[WHAT THE EXERCISE ASKS]: Your answer must be only the lines below from the one containing "Scheibe Biskuit mit" through the one containing "Na zdjęciu widać", copied exactly, with the pictures left out.

[SUPPLIED INFORMATION]:
####

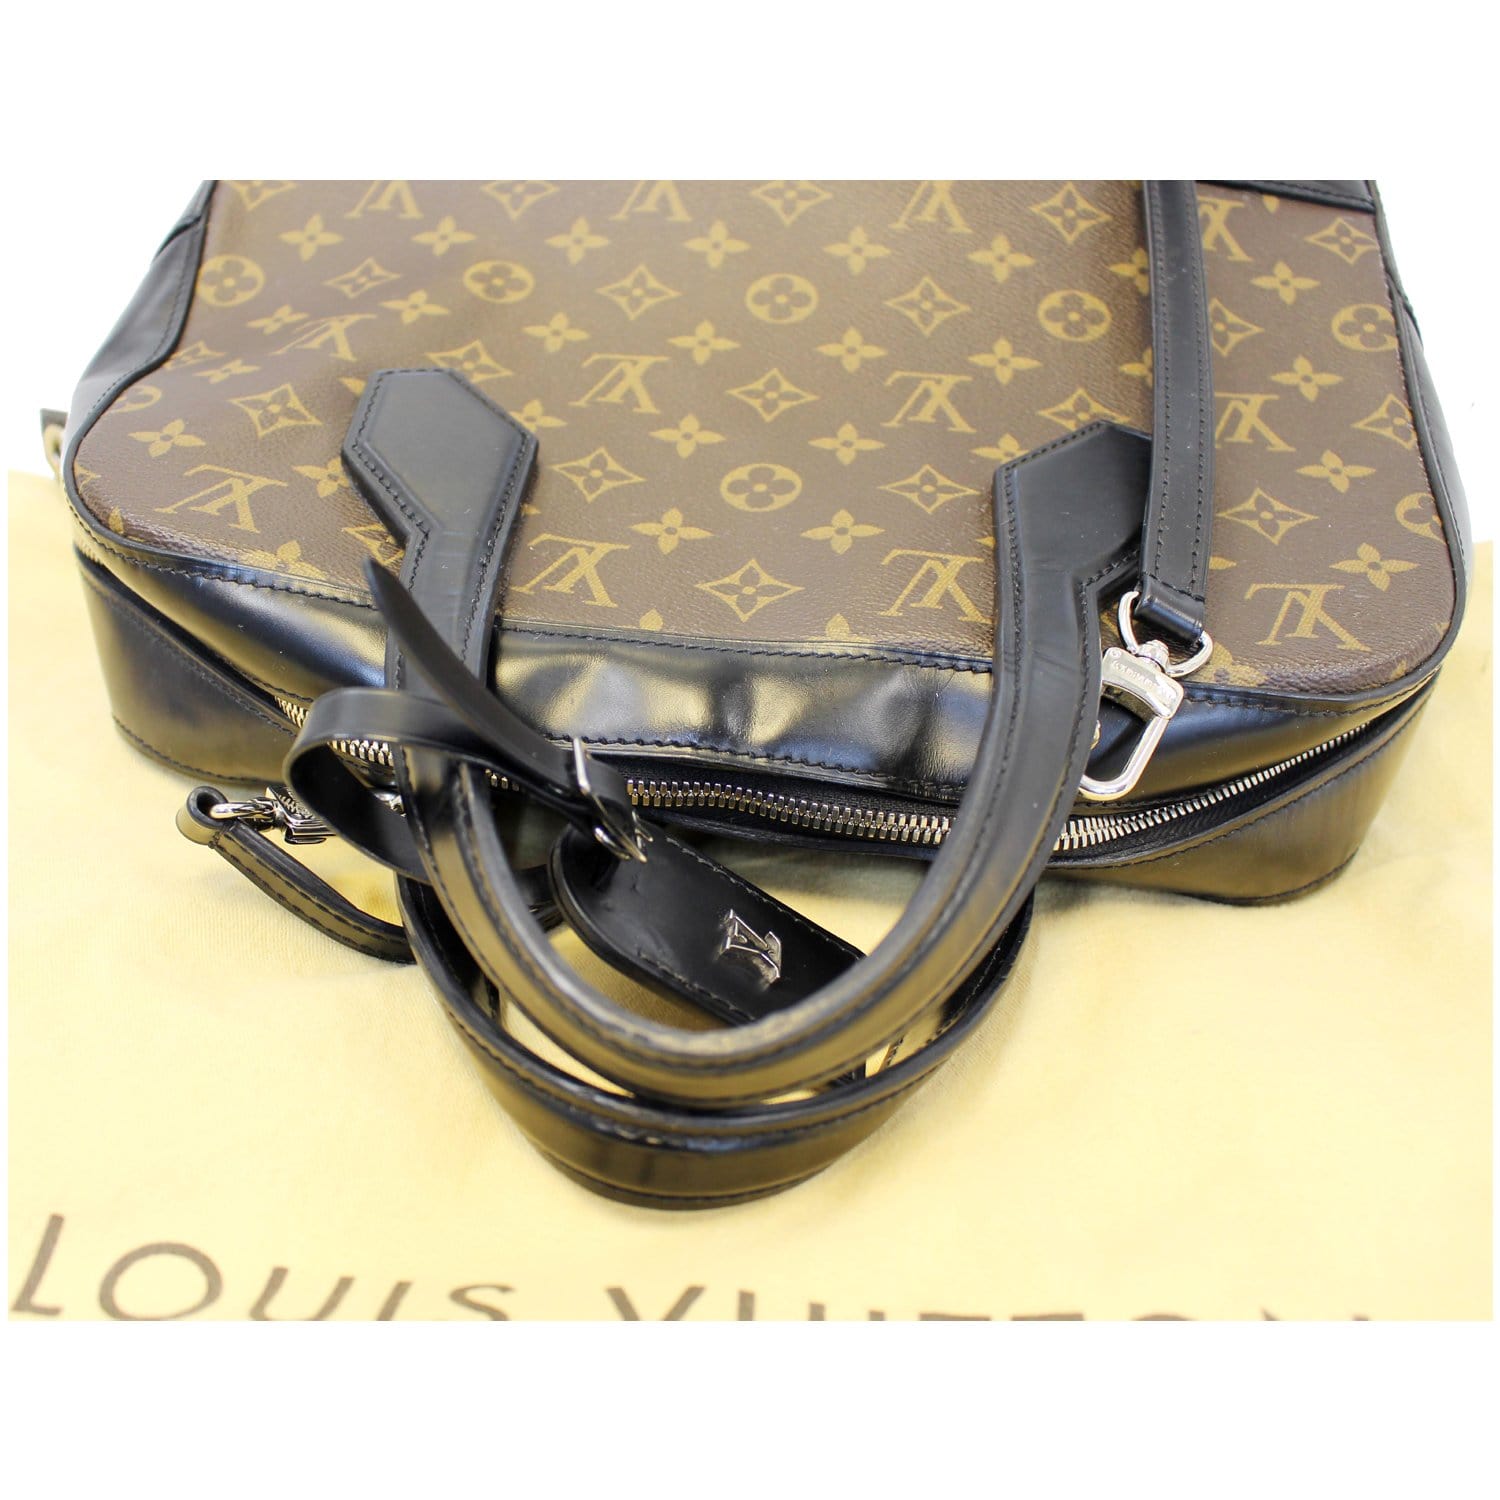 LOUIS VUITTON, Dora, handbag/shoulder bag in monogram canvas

####

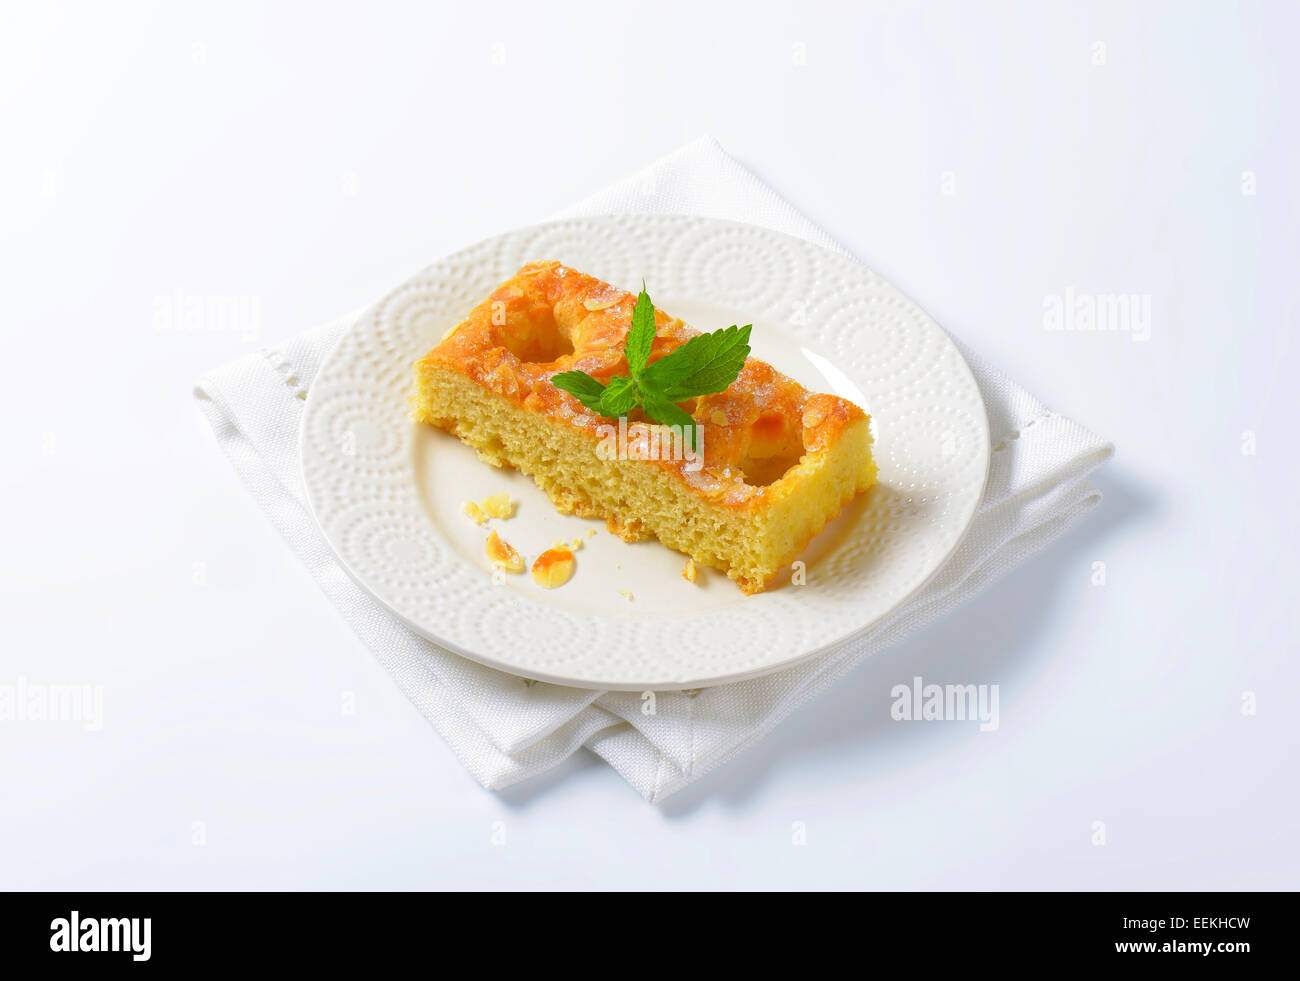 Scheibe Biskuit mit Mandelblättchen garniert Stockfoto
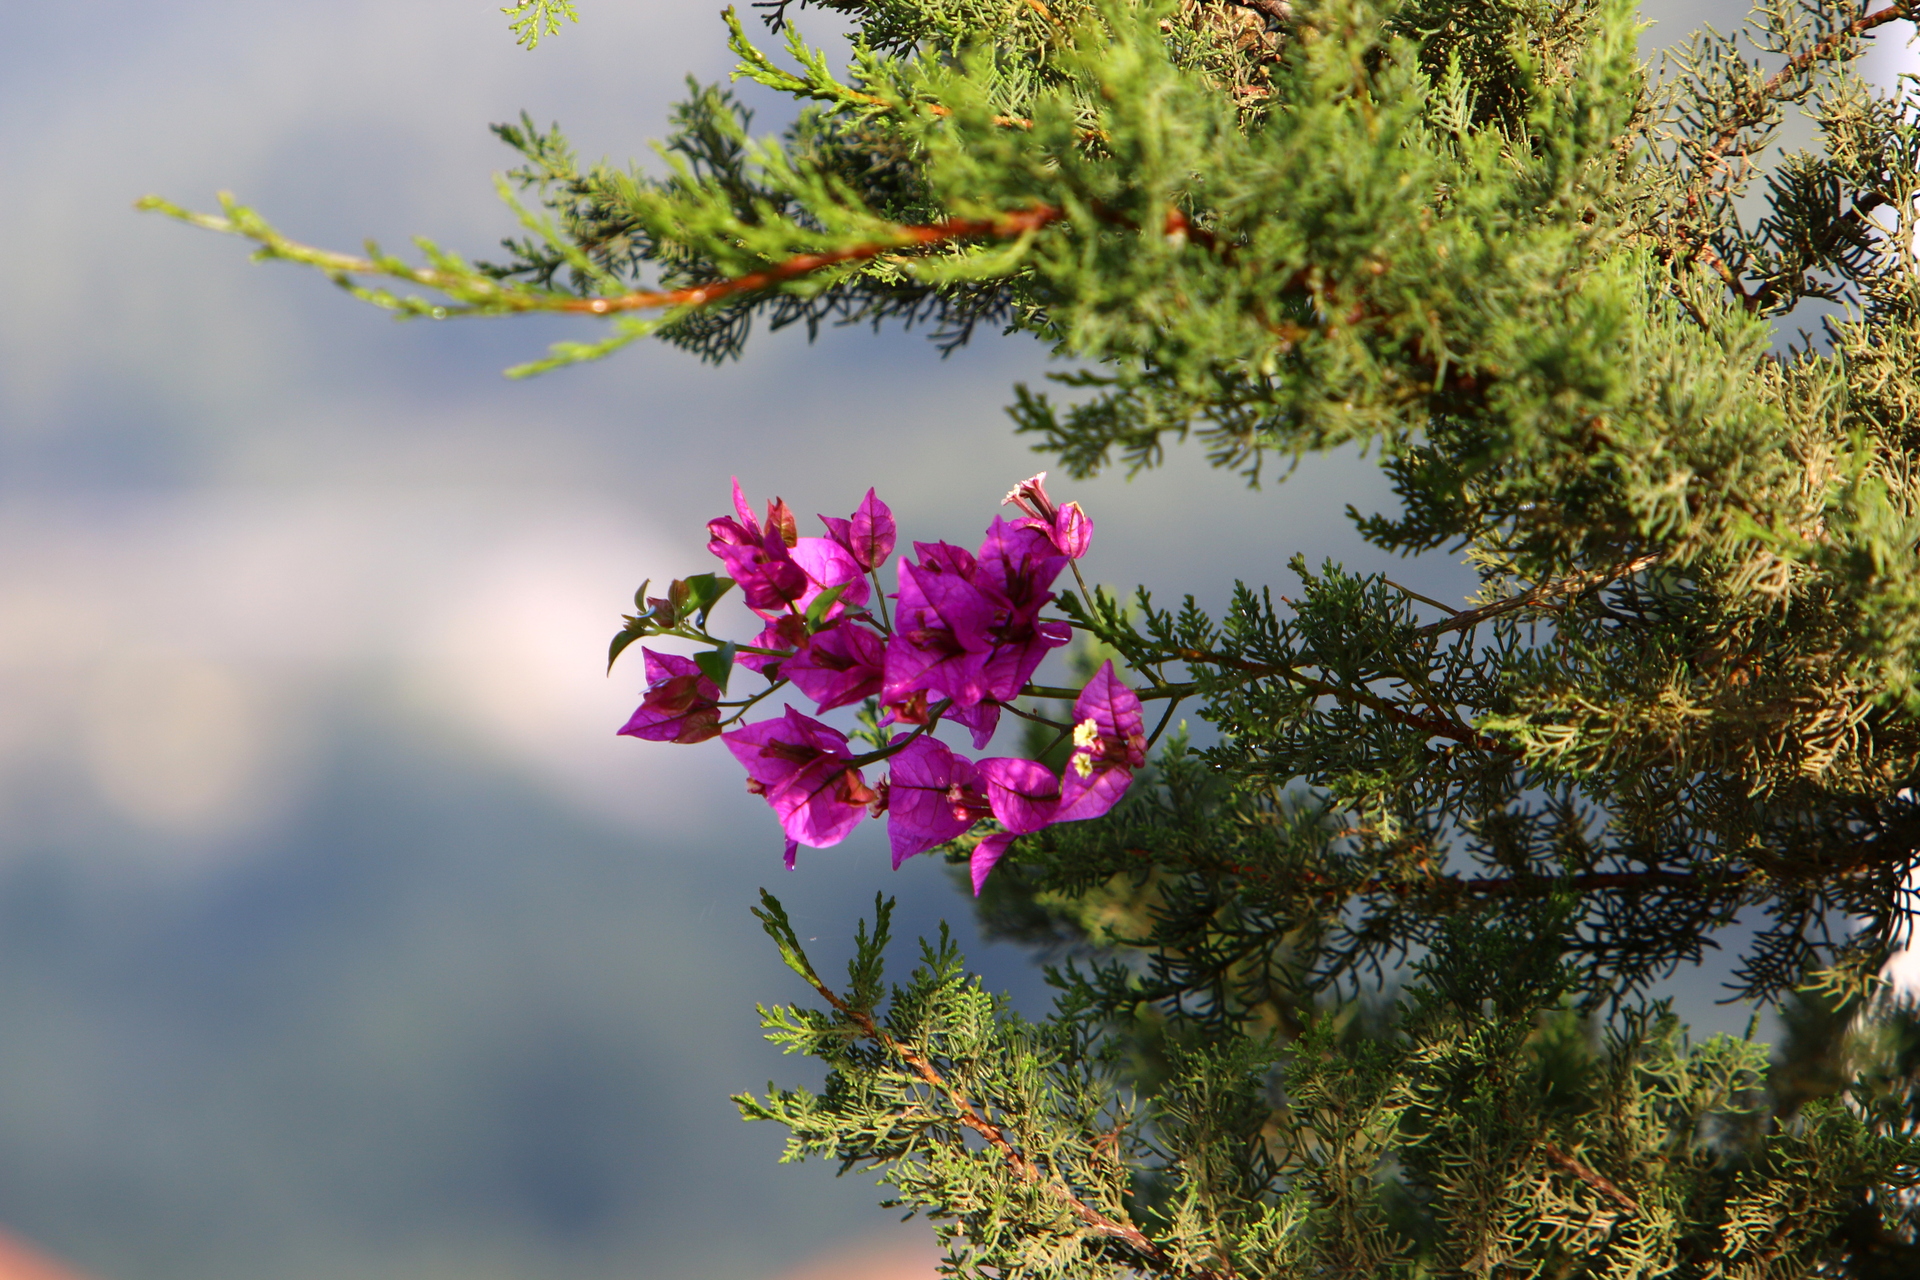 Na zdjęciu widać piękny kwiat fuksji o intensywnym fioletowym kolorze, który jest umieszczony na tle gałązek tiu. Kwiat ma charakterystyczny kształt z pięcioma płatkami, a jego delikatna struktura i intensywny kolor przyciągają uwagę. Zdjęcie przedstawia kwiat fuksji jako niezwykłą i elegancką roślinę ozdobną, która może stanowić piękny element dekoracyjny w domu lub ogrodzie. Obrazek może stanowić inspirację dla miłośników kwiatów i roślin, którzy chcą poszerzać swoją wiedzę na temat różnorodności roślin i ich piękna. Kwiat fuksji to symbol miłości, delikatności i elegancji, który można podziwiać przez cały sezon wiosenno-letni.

####

[RESPONSE BELOW]:
 Scheibe Biskuit mit Mandelblättchen garniert Stockfoto
 Na zdjęciu widać piękny kwiat fuksji o intensywnym fioletowym kolorze, który jest umieszczony na tle gałązek tiu. Kwiat ma charakterystyczny kształt z pięcioma płatkami, a jego delikatna struktura i intensywny kolor przyciągają uwagę. Zdjęcie przedstawia kwiat fuksji jako niezwykłą i elegancką roślinę ozdobną, która może stanowić piękny element dekoracyjny w domu lub ogrodzie. Obrazek może stanowić inspirację dla miłośników kwiatów i roślin, którzy chcą poszerzać swoją wiedzę na temat różnorodności roślin i ich piękna. Kwiat fuksji to symbol miłości, delikatności i elegancji, który można podziwiać przez cały sezon wiosenno-letni.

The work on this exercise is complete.